Modern Control Theory — Linear Systems Project
Designed state-feedback controllers and observers for a 2-DOF torsional apparatus simulating satellite docking — ELEC 481 course project.
Overview
Course project for ELEC 481 (Linear Systems) focused on advanced control system design. The challenge: control a 2-DOF torsional apparatus that simulates the dynamics of satellite docking — specifically the torsional stress applied when two spacecraft modules connect.
Grade: 90/100
The Physical System
A laboratory apparatus with two rotating discs connected by a flexible shaft. The dynamics mimic the oscillations and coupling effects you'd see in real spacecraft docking scenarios.
Controllers Implemented
1. PID Controller
Baseline approach — tune proportional, integral, and derivative gains for acceptable performance.
2. State Feedback Controller
Full state feedback using pole placement. Faster response and better damping than PID, but requires all states to be measurable.
3. Full-Order Observer
Estimate all system states from limited measurements. Combined with state feedback for output-only control.
4. Reduced-Order Observer
More efficient observer that only estimates unmeasured states.
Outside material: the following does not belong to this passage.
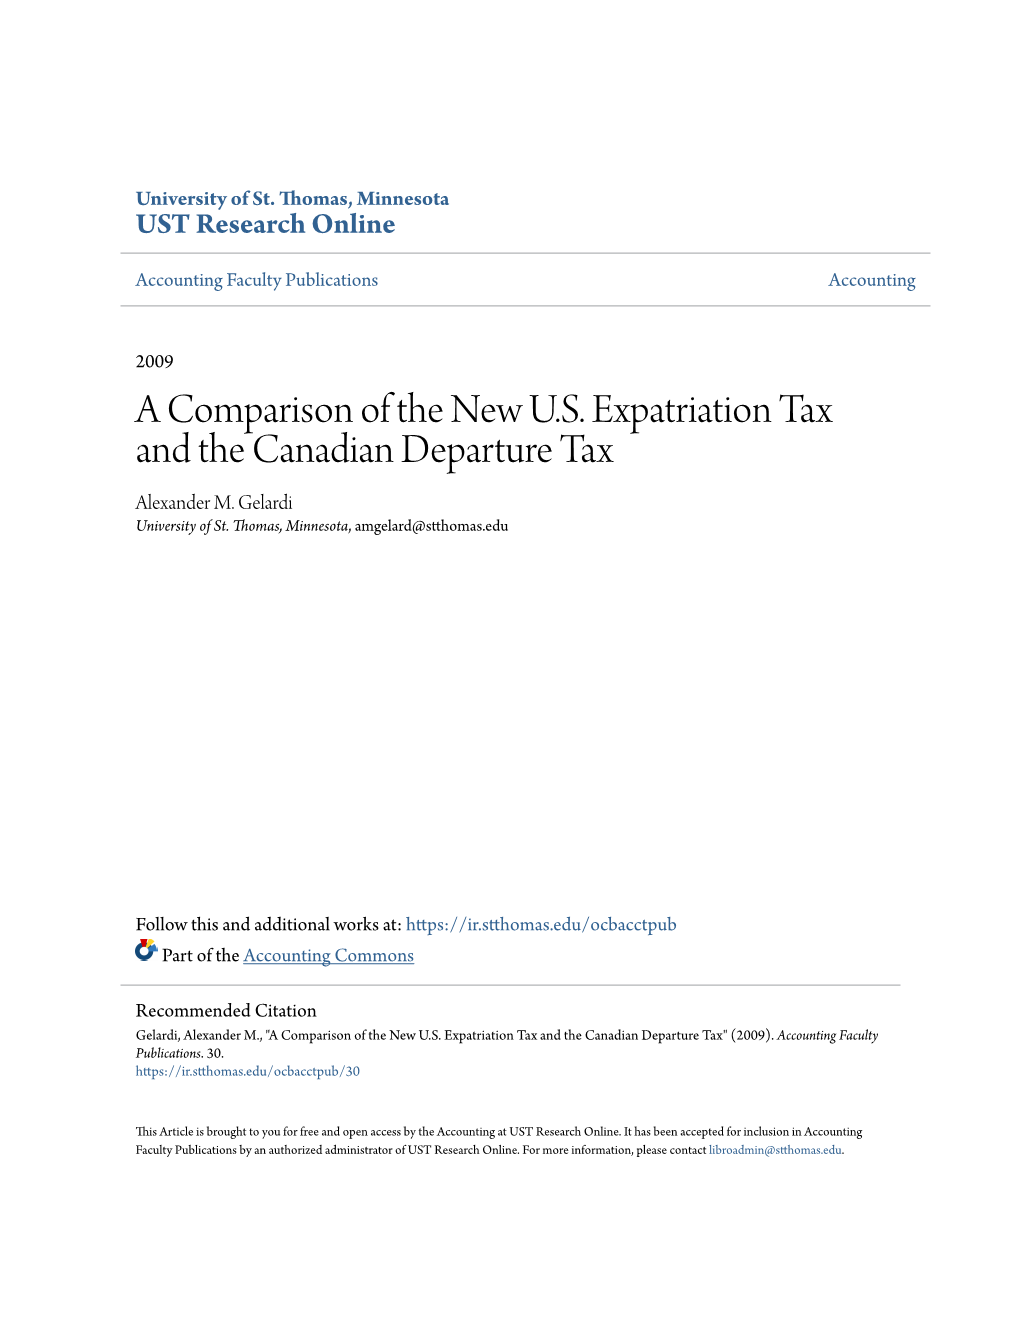 A Comparison of the New U.S. Expatriation Tax and the Canadian Departure Tax Alexander M

Faster computation, same control performance.
Technical Stack
- MATLAB: System modeling, controller design, analysis
- Simulink: Real-time simulation and visualization
- State-space methods: Modern control theory throughout
Application Context
Why satellite docking? Because when two modules connect in orbit, the torsional dynamics are critical. Over-aggressive control causes oscillations. Under-damped response causes structural stress. Getting it right requires exactly the kind of controller tuning we practiced in this project.